Justice coutumière versus justice républicaine
40 L’affaire a donc débuté par une « plainte » du conseil territorial des femmes auprès de la justice de la République française. Une telle procédure paraît normale dans la mesure où la plainte émane d’une institution, le conseil des femmes, création de l’État français. Mais ce qui est plus intrigant, c’est que la plainte a été déposée par des Wallisiennes contre une autre Wallisienne, K., une femme appartenant à une élite sociale, économique et politique en vertu de son rang aliki ainsi que, dans une moindre mesure, son implication dans « la politique » et de sa profession de comptable.

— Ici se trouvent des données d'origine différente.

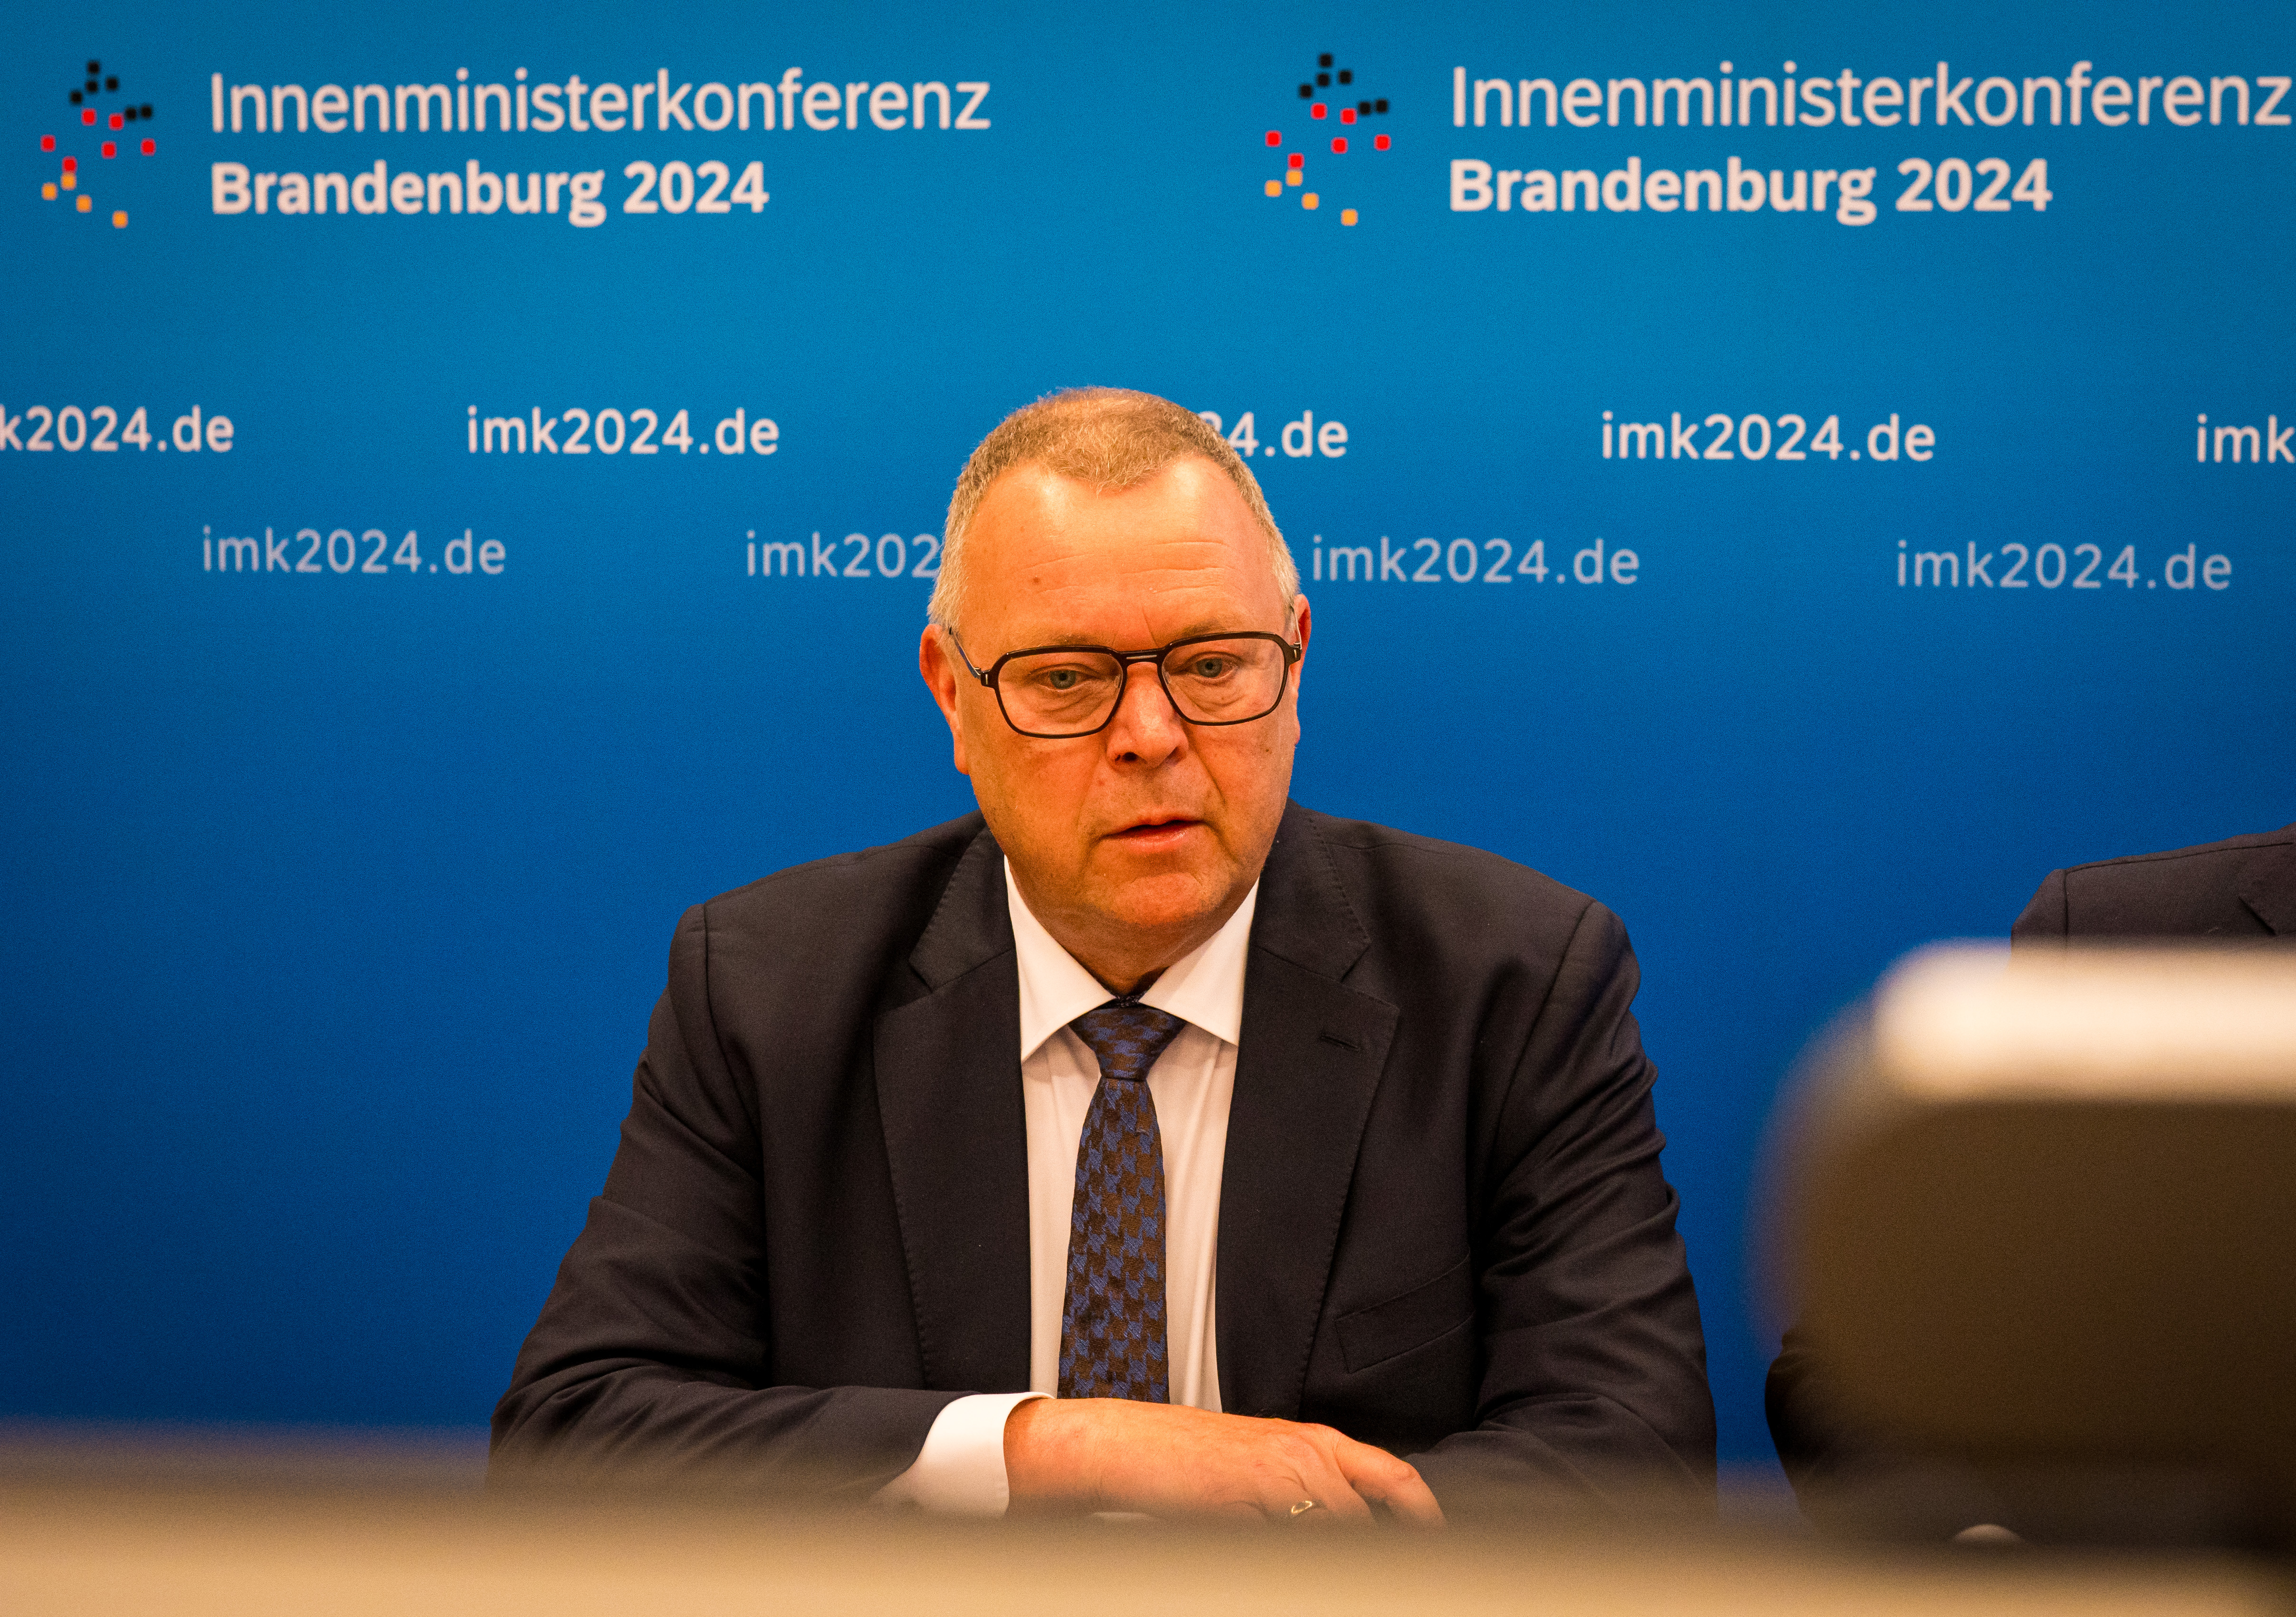 Bild: IMK-Vorsitzender Michael Stübgen bei der Pressekonferenz zur Sondersitzung der IMK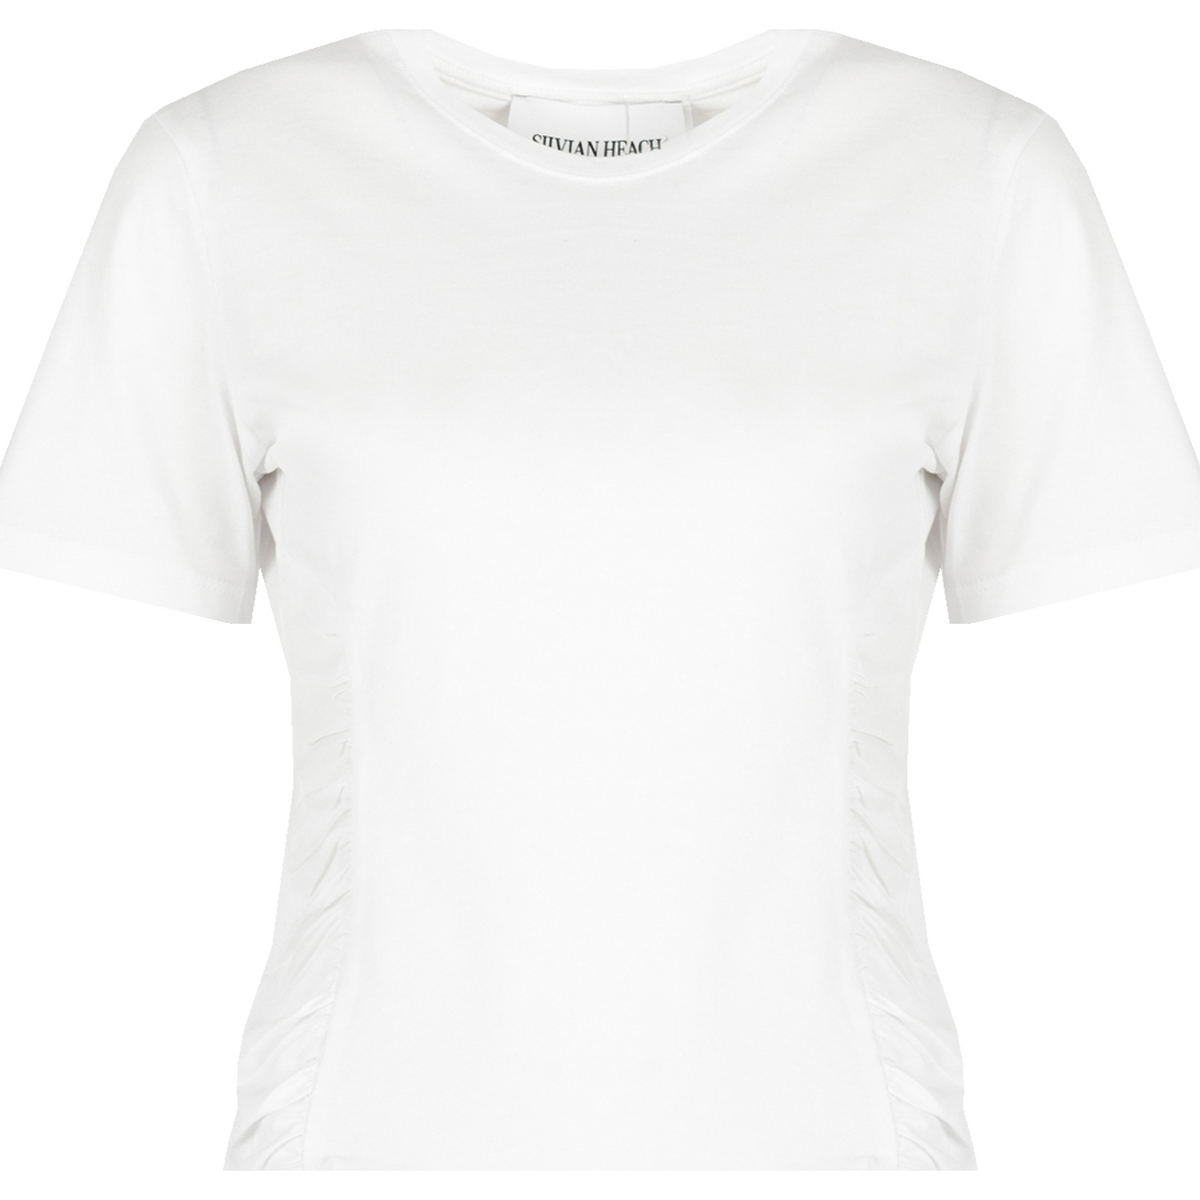 tekstylia Damskie T-shirty z krótkim rękawem Silvian Heach CVP23123TS Biały

41 On peut donc s’étonner que cette femme‑là ait été assignée en justice par ses collègues pour au moins deux raisons : d’une part, parce que porter une accusation contre une personne aliki est considéré comme un manquement sévère à l’étiquette généralement observée entre les gens de rangs différents. D’autre part, qu’une telle accusation soit faite auprès de la justice française n’est pas non plus convenable, la norme pour beaucoup de Wallisiens impliquant de s’adresser aux autorités coutumières [26]. Dans ces conditions, il devient difficile de ne pas voir dans le dépôt de plainte contre K. devant la justice républicaine une manifestation des Wallisiens, sinon de défiance vis‑à‑vis de la justice coutumière, au moins d’une mise en doute de son autorité voire de sa compétence.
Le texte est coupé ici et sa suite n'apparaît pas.